Will Salas (Timberlake) saves the right guy and receives the gift of 100 years, as well as a little knowledge about how the "rich" keep the "poor" down, and living day to day. The movie then shifts to a mix of Robinhood meets Bonnie & Clyde and some of the more powerful themes are lost in a growing heap of time cliches (i.e. the ghetto is called "Dayton" and everyone is named after famous watches to name a few).
I will admit I enjoyed watching the film and that was due in large part to the style and quality of cinematographer Roger Deakins. The acting was good although the script didn't allow for a lot of depth and the movie suffered because of it. It also didn't help that while I quite like both of the leads, Timberlake and Seyfried, they did not share a lot of chemistry. Perhaps a little of that would have filled some of the holes left by poor relational development.
Ultimately it was a good film, but because it had so many truly great ideas to explore, the end result feels disappointing. It's hard not wonder about its potential in different hands.
SO HOW DOES IT END?
Some of the biggest problems I have with this film are both its tendency to telegraph EVERYTHING and how heavily it relied on contrived scenes. The ending in particular. Near the opening of the film Timberlake is running towards his mother as her clock is running out. She dies right in front of him, literally a second before she is able to reach him and get more minutes to live.

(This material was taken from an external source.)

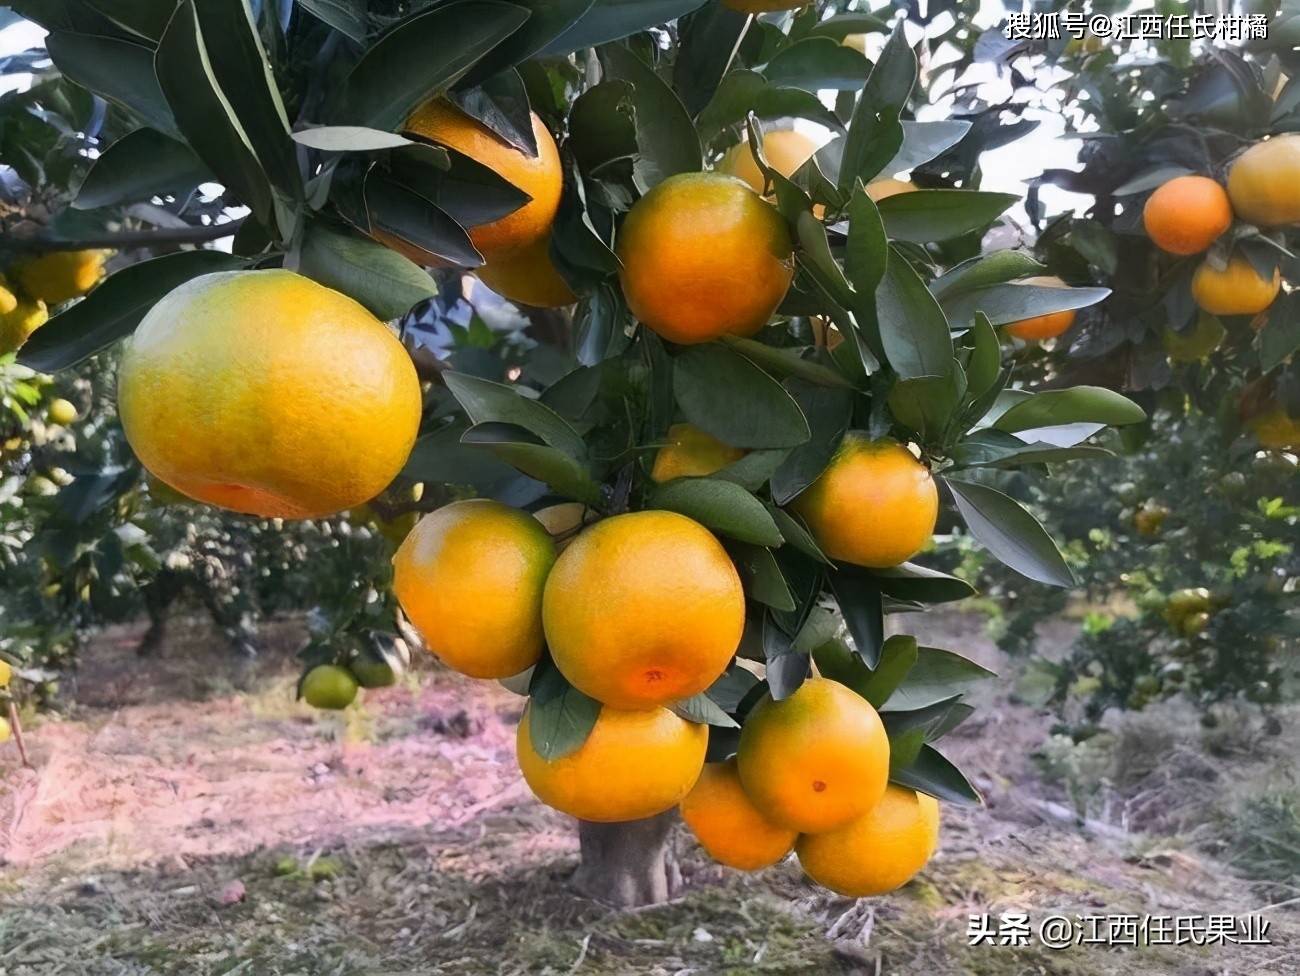 阳光一号柑橘,阳光一号桔柚独特优势有哪些?

In order to recreate this scene at the end between Timberlake and Seyfried, the writer has to engineer a situation in which they would be nearly out of time. Not only do you see it coming a mile away, but it is outrageously unrealistic (they just dropped off a card with a MILLION YEARS on it). The idea that two people on a quest to redistribute wealth, who have been fighting to survive the entire film, would allow themselves to run out of time when they had it readily available, is just to big of a conceit for the audience to swallow. And this after stomaching a long list of similar issues like the "police" convicting and punishing a man with no evidence, a bank of time being WAY too easy to rob, an arm wrestle trick that was both ruined on account of foreshadowing AND a bit ridiculous, and finally, let's be honest, with all those clothes changes Seyfried couldn't find better running shoes???
Definitely worth a watch when it hits streaming, but I wouldn't waste your minutes at the theater. I give it 3 out of 5.